31.01.13

In meinem letzten Beitrag zum Thema „Hunde und Katzen richtig transportieren“ ging es um verschiedene Möglichkeiten, um Tiere im Auto richtig zu sichern. Die Transportboxen waren dabei der Favorit. Heute will ich euch Tipps dazu geben, wie ihr euren Schützlingen die Angst vor diesen Boxen nehmen könnt.

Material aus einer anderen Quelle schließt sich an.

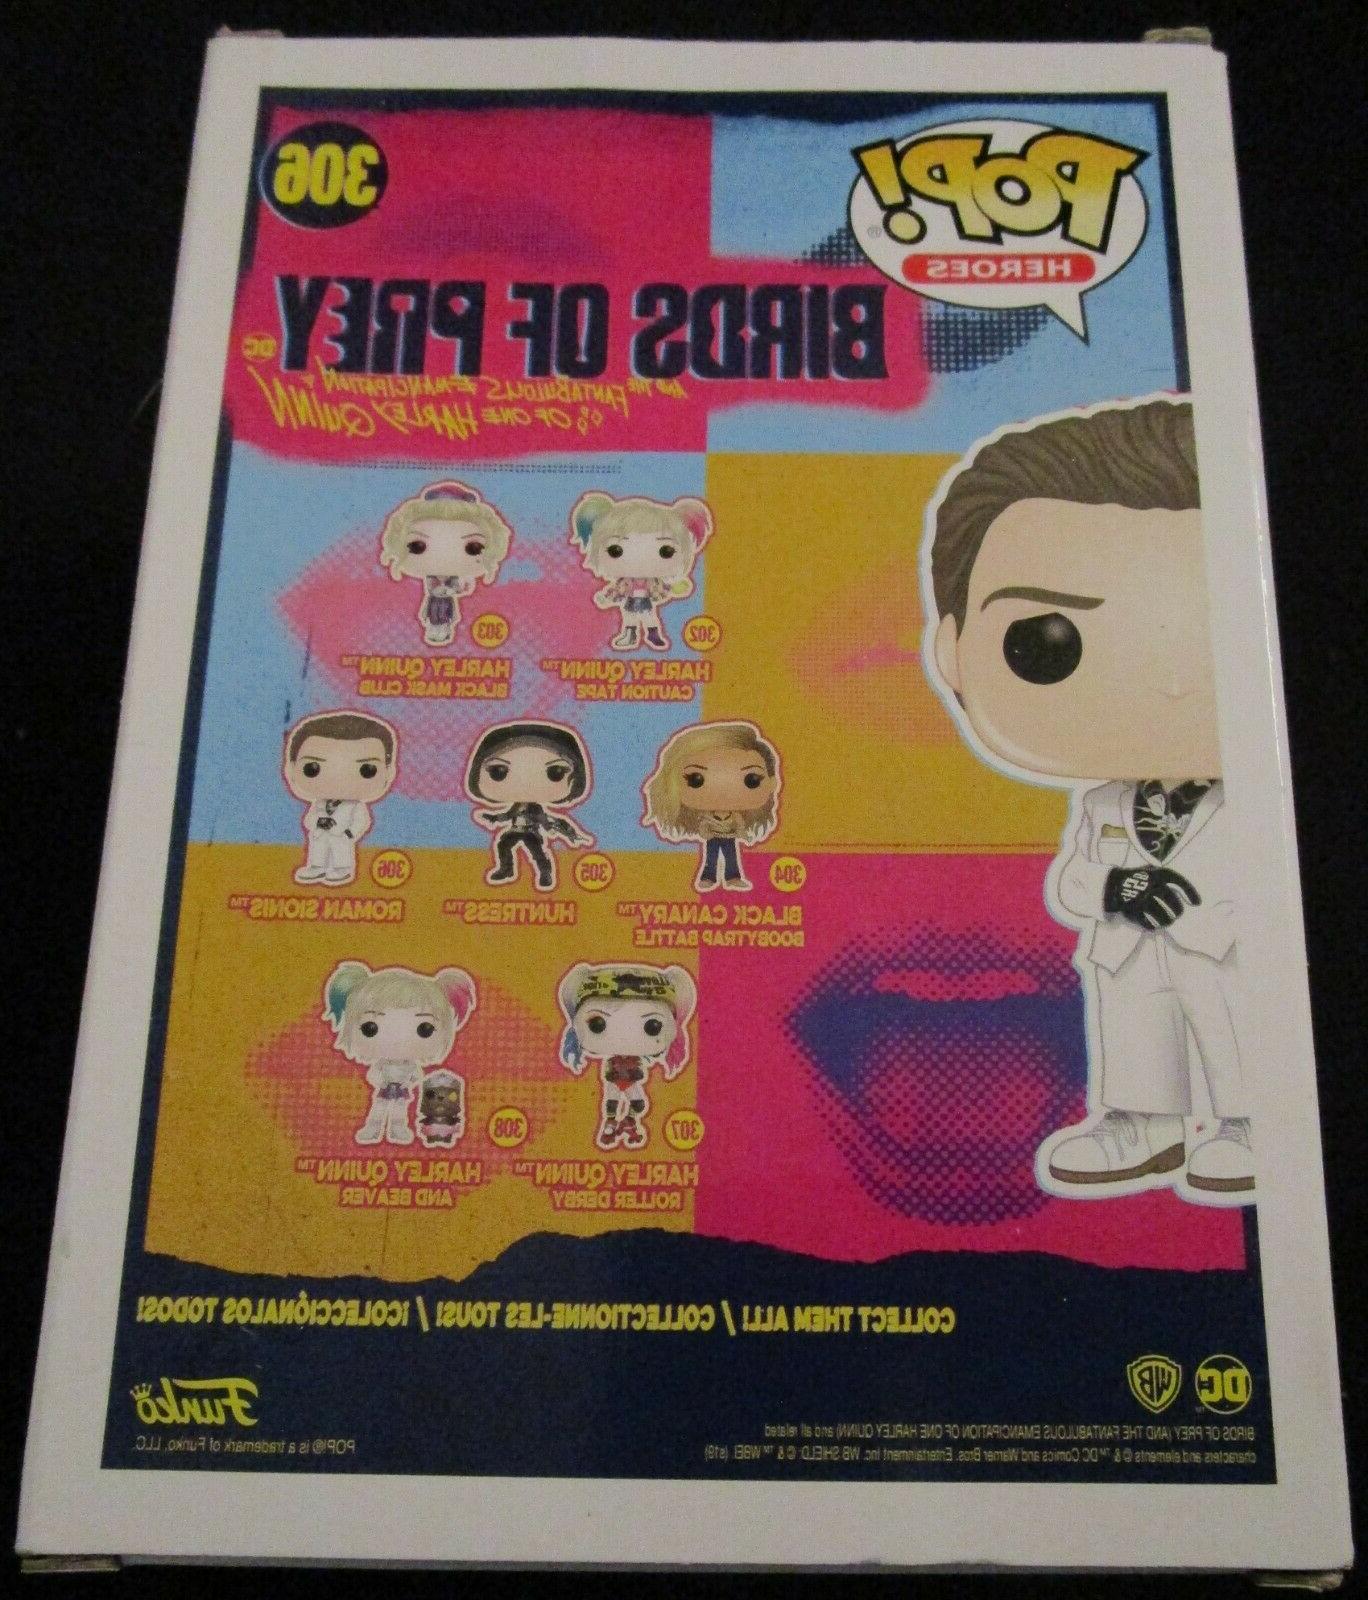 Funko POP! of Prey #306 - Vinyl Figure

Transportbox mit positiven Erfahrungen verbinden

Viele Halter von Hunden und Katzen machen den Fehler, dass die Transportbox nur herausgeholt wird, wenn es zum Tierarzt geht. Das Tier verbindet diese Box dann immer mit einem negativen Erlebnis, nämlich dem Tierarzt. In der Regel gehen die meisten Tiere nicht so gerne dort hin ; ) Kein Wunder also, wenn die Mietze oder der Hund nur sehr ungern in die Box wollen. Viele müssen ihre Schützlinge mit Gewalt in die Box zwängen. Das kann natürlich nicht die Lösung sein.

Damit Hunde und Katzen die Angst vor der Box verlieren, müssen sie diese mit positiven Erfahrungen verbinden. Die Transportbox sollte ihnen bekannt sein. Stellt die Transportbox am besten an einen festen Platz in eurer Wohnung, so dass euer Haustier ständig daran schnuppern kann. Die Box kann dann ganz in Ruhe und ohne Stress erkundet werden. Am besten ihr richtet die Box innen schön gemütlich ein. Eine kuschelige Decke oder ein alter Pulli mit eurem eigenen Geruch wird bei den Tieren ein gutes Gefühl hinterlassen. Mit etwas Geduld nehmen die Vierbeiner sogar Platz in der Box und nutzen sie als Schlafraum. Wenn nicht, dann könnt ihr es ja mal mit Leckerchen probieren. Einfach mal was in die Box legen und abwarten was passiert. Die Neugier wird irgendwann siegen ; )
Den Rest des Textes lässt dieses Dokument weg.